Why Amazon Web Services CEO Matt Garman Is Playing the Long Game on AI

(To receive weekly emails of conversations with the world’s top CEOs and decisionmakers, click here.)

Matt Garman took the helm at Amazon Web Services (AWS), the cloud computing arm of the U.S. tech giant, in June, but he joined the business around 19 years ago as an intern. He went on to become AWS’s first product manager and helped to build and launch many of its core services, before eventually becoming the CEO last year.

Like many other tech companies, AWS, which is Amazon’s most profitable unit, is betting big on AI. In April 2023, the company launched Amazon Bedrock, which gives cloud customers access to foundation models built by AI companies including Anthropic and Mistral. At its re:Invent conference in Las Vegas in December, the AWS made a series of announcements, including a new generation of foundation AI models, called Nova. It also said that it’s building one of the world’s most powerful AI supercomputers with Anthropic, which it has a strategic partnership with, using a giant cluster of AWS’s Trainium 2 training chips.

TIME spoke with Garman a few days after the re:Invent conference, about his AI ambitions, how he’s thinking about ensuring the technology is safe, and how the company is balancing its energy needs with its emissions targets.

This interview has been condensed and edited for clarity.

When you took over at AWS in June, there was a perception that Amazon had fallen behind somewhat in the AI race. What have your strategic priorities been for the business over the past few months?

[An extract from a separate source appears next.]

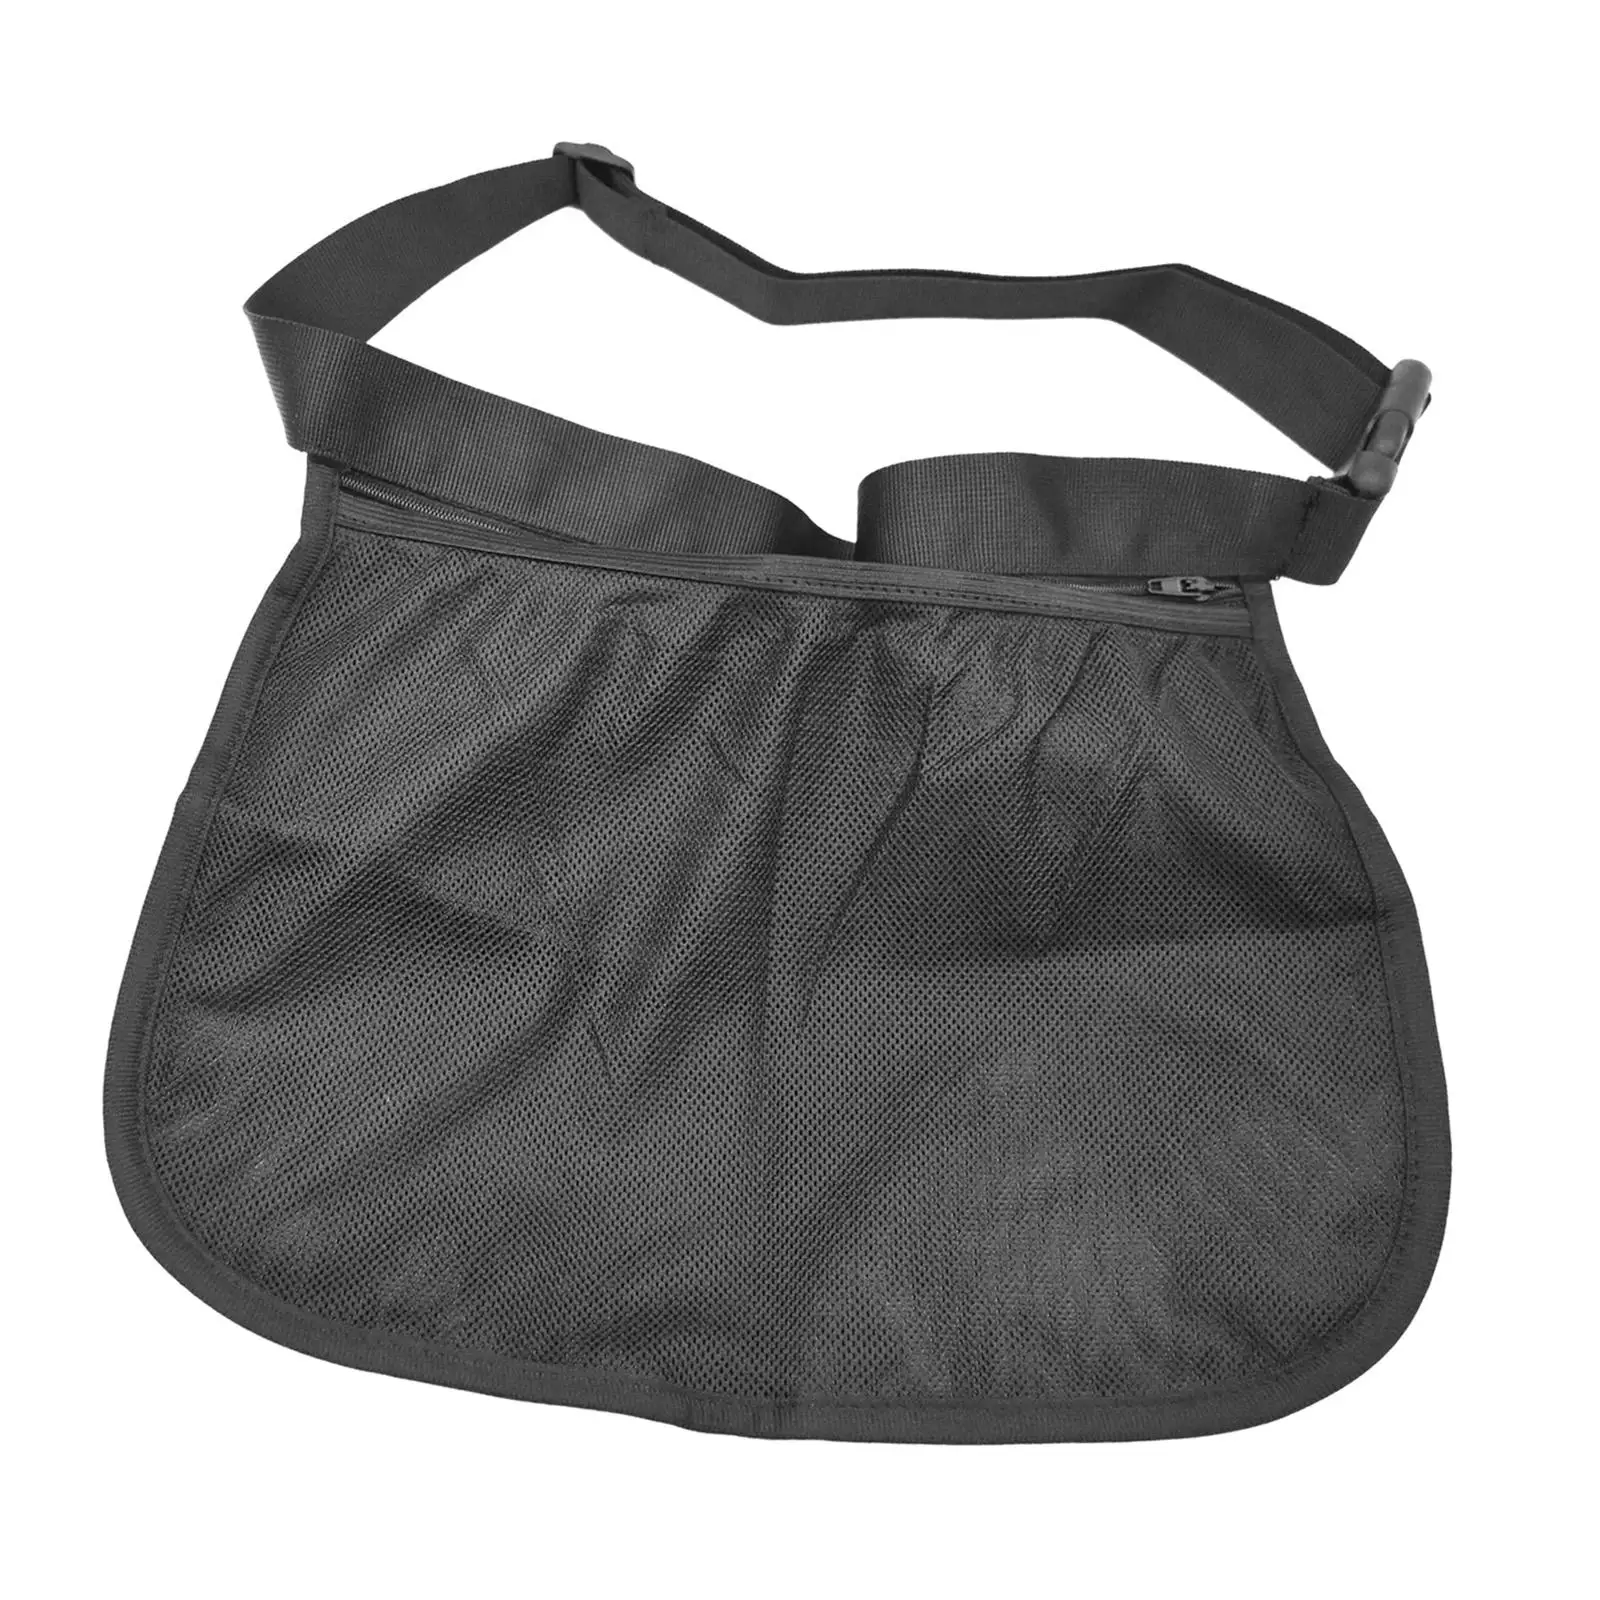 Tennis Ball Holder Gadgets Waist Pouch Bag Pickleball Ball Waist Pouch Outdoor Ball Storage Bag for Exercise Fitness Women Men
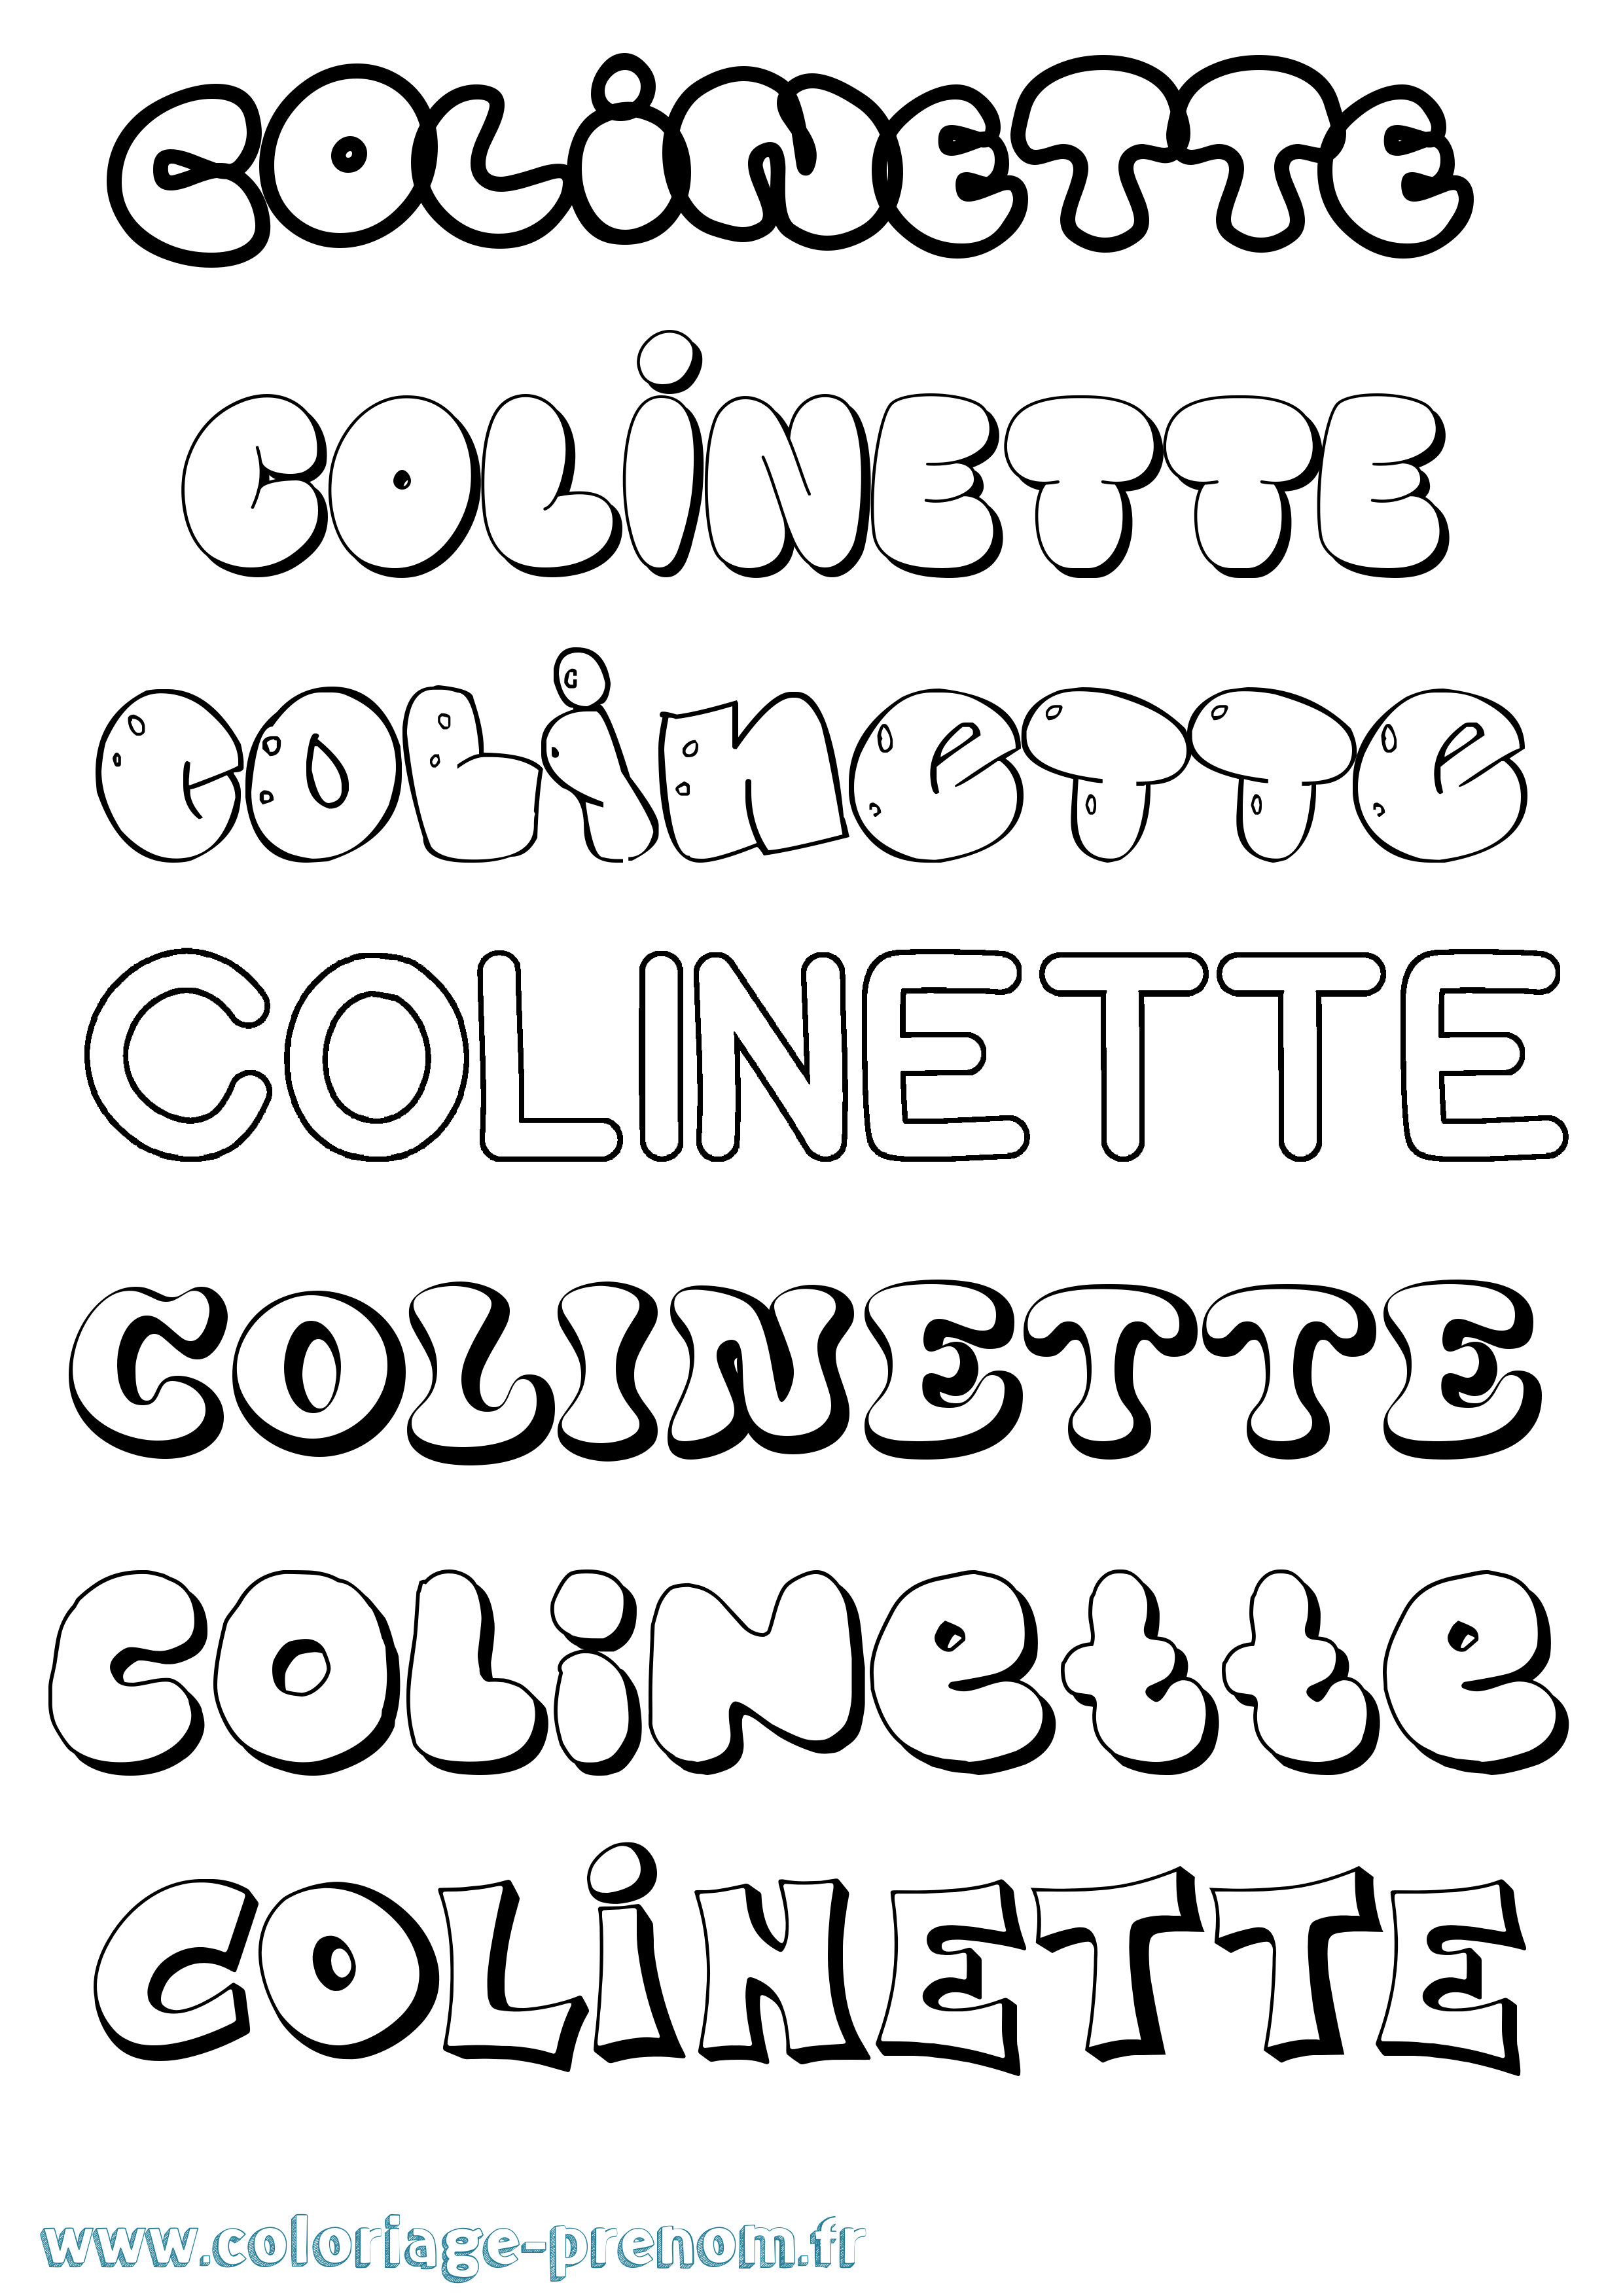 Coloriage prénom Colinette Bubble

We’ve had a long history of doing AI inside of AWS, and in fact, most of the most popular AI services that folks use, like SageMaker, for the last decade have all been built on AWS. With generative AI we started to really lean in, and particularly when ChatGPT came out, I think everybody was excited about that, and it sparked everyone’s imagination. We [had] been working on generative AI, actually, for a little while before that. And our belief at the time, and it still remains now, was that that AI was going to be a transformational technology for every single industry and workflow and user experience that’s out there. And because of who our customer base is, our strategy was always to build a robust, secure, performance featureful platform that people could really integrate into their actual businesses. And so we didn’t rush really quickly to throw a chatbot up on our website. We really wanted to help people build a platform that could deeply integrate into their data, that would protect their data. That’s their IP, and it’s super important for them, so [we] had security front of mind, and gave you choice across a whole bunch of models, gave you capabilities across a whole bunch of things, and really helped you build into your application and figure out how you could actually get inference and really leverage this technology on an ongoing basis as a key part of what you do in your enterprise. And so that’s what we’ve been building for the last couple of years. In the last year we started to see people realize that that is what they wanted to [do] and as companies started moving from launching a hundred proof of concepts to really wanting to move to production. They realized that the platform is what they needed. They had to be able to leverage their data. They wanted to customize models. They wanted to use a bunch of different models. They wanted to have guardrails. They needed to integrate with their own enterprise data sources, a lot of which lived on AWS, and so their applications were AWS.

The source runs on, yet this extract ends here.